The problem of KV cache is that the contiguous chunk of memory is pre-allocated at the maximum length and reserved during the entire lifetime of the generation. PagedAttention is building a virtual memory system with paging, such that the KV cache is divided into blocks. Each block is in a fixed size for the fixed number of attention keys and values.

The problem

Language model is to predict a sequence of tokens $x=(x_1,\dots,x_n)$ as a product of conditional probabilities (a.k.a. autoregressive decomposition):

\[P(x) = P(x_1)P(x_2\mid x_1)\dots P(x_n\mid x_1,\dots, x_{n-1})\]
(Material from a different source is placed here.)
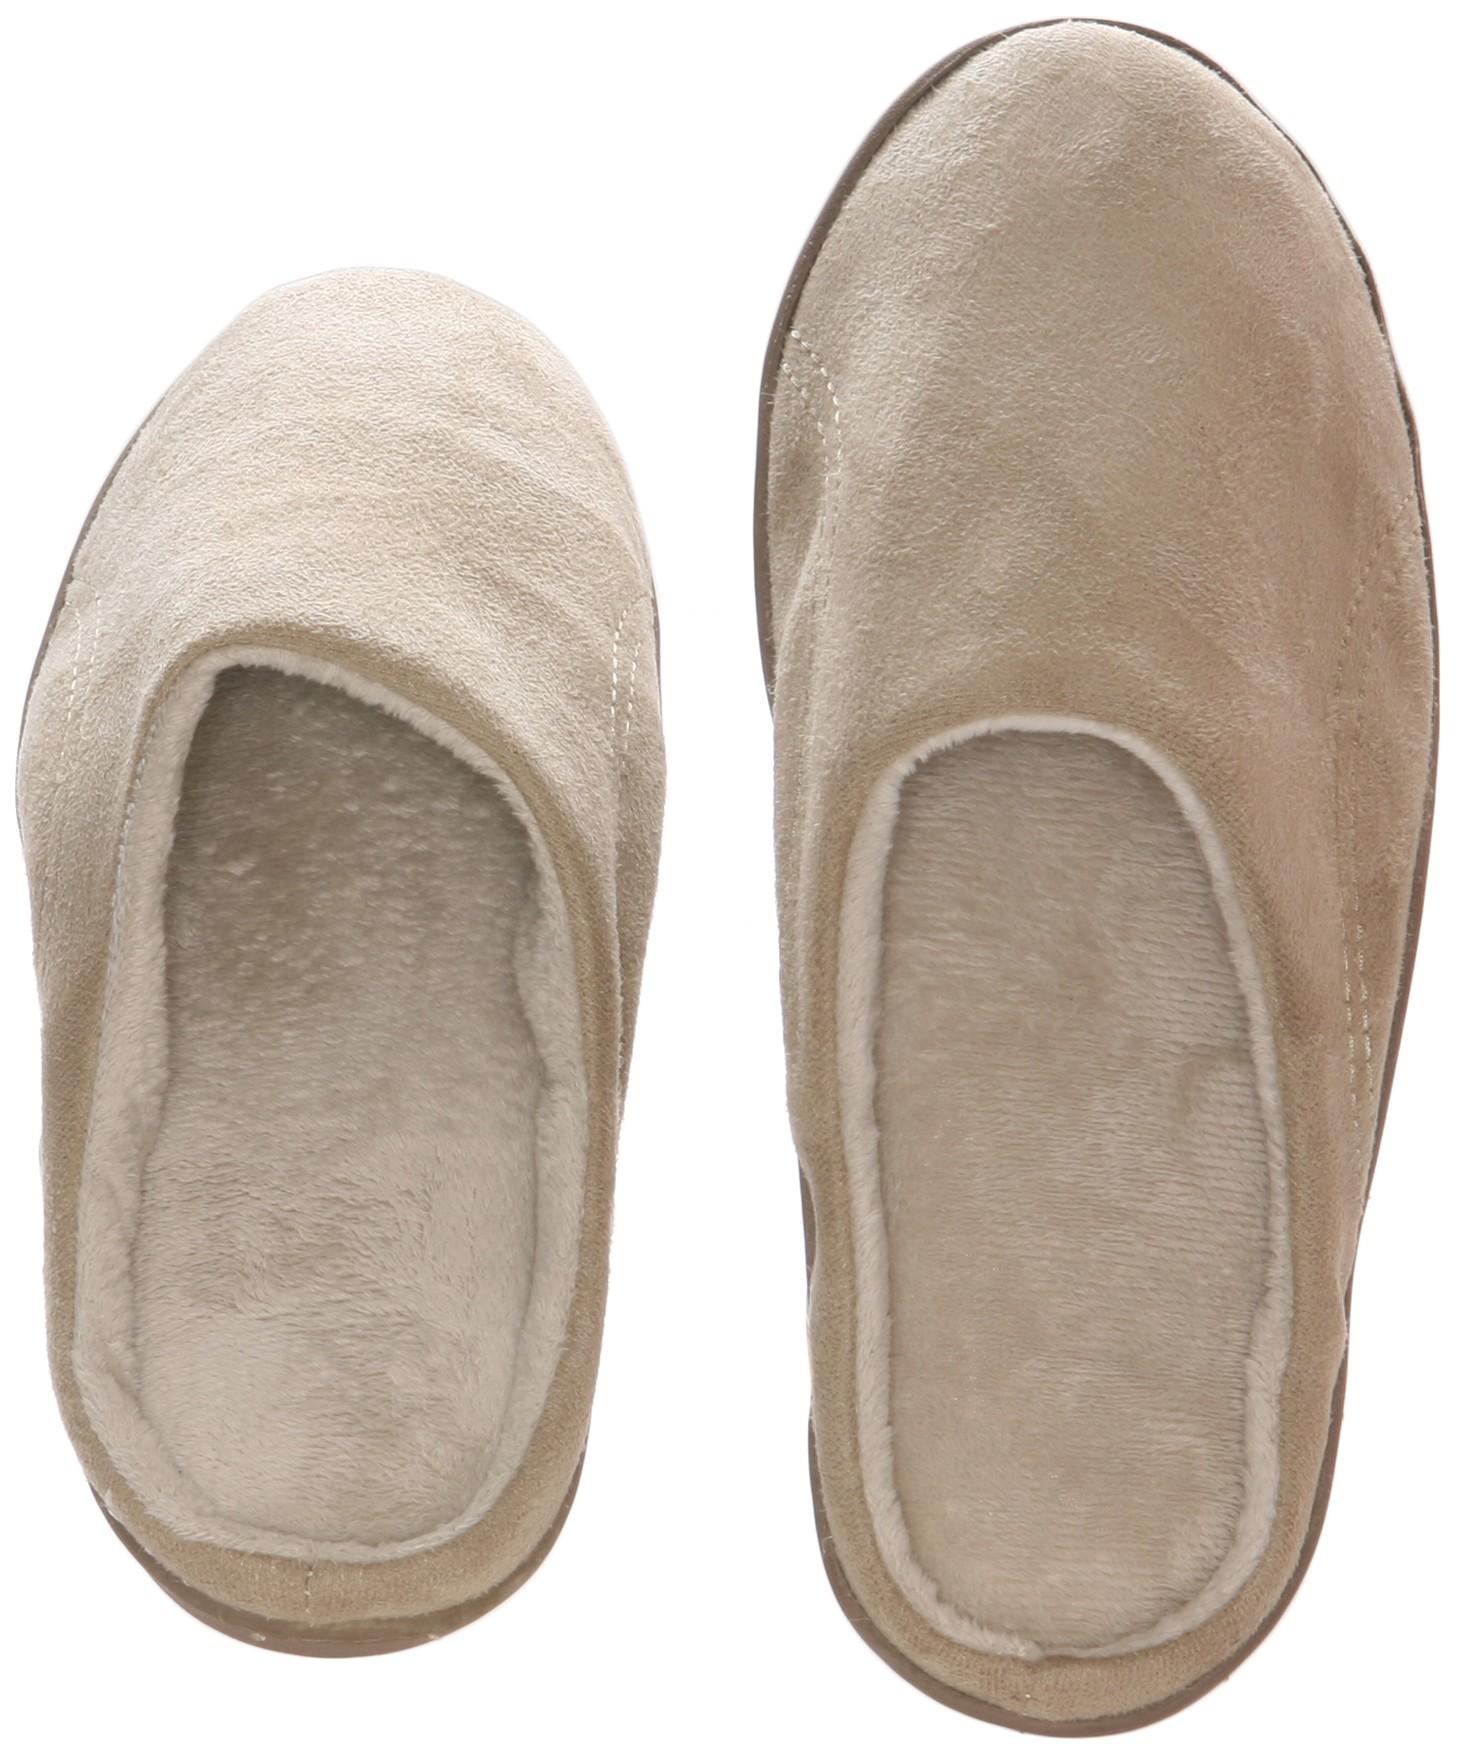 f99ed007564 Men s Memory foam Slippers - Beige Suede micro fleece slippers with ...

The probability of each token $P(x_i\mid x_1,\dots,x_{i-1})$ is computed as the dot product of attention score and the value vector:

\[\begin{aligned} o_i &= \sum_{j=1}^i a_{ij}v_j \\ a_{ij} &= \frac{\exp(q_i^\top k_j / \sqrt{d})}{\sum_{t=1}^i \exp(q_i^\top k_t / \sqrt{d})} \end{aligned}\]

in which $q_i,k_i,v_i$ are (column) vectors, projected from the input vector $x_i$. The output vector $o_i$ is a weighted sum of $v_1,\dots,v_i$ with attention scores as weights. As the generation progress from $o_i$ to $o_{i+1}$, all vectors of $q_1,\dots,q_i$ etc. are cached and reused. The size in bytes of the KV cache needed is calculated as follows: 2 (key and value) × hidden size × number of layers in model × sequence length × sizeof(float). This can easily explode.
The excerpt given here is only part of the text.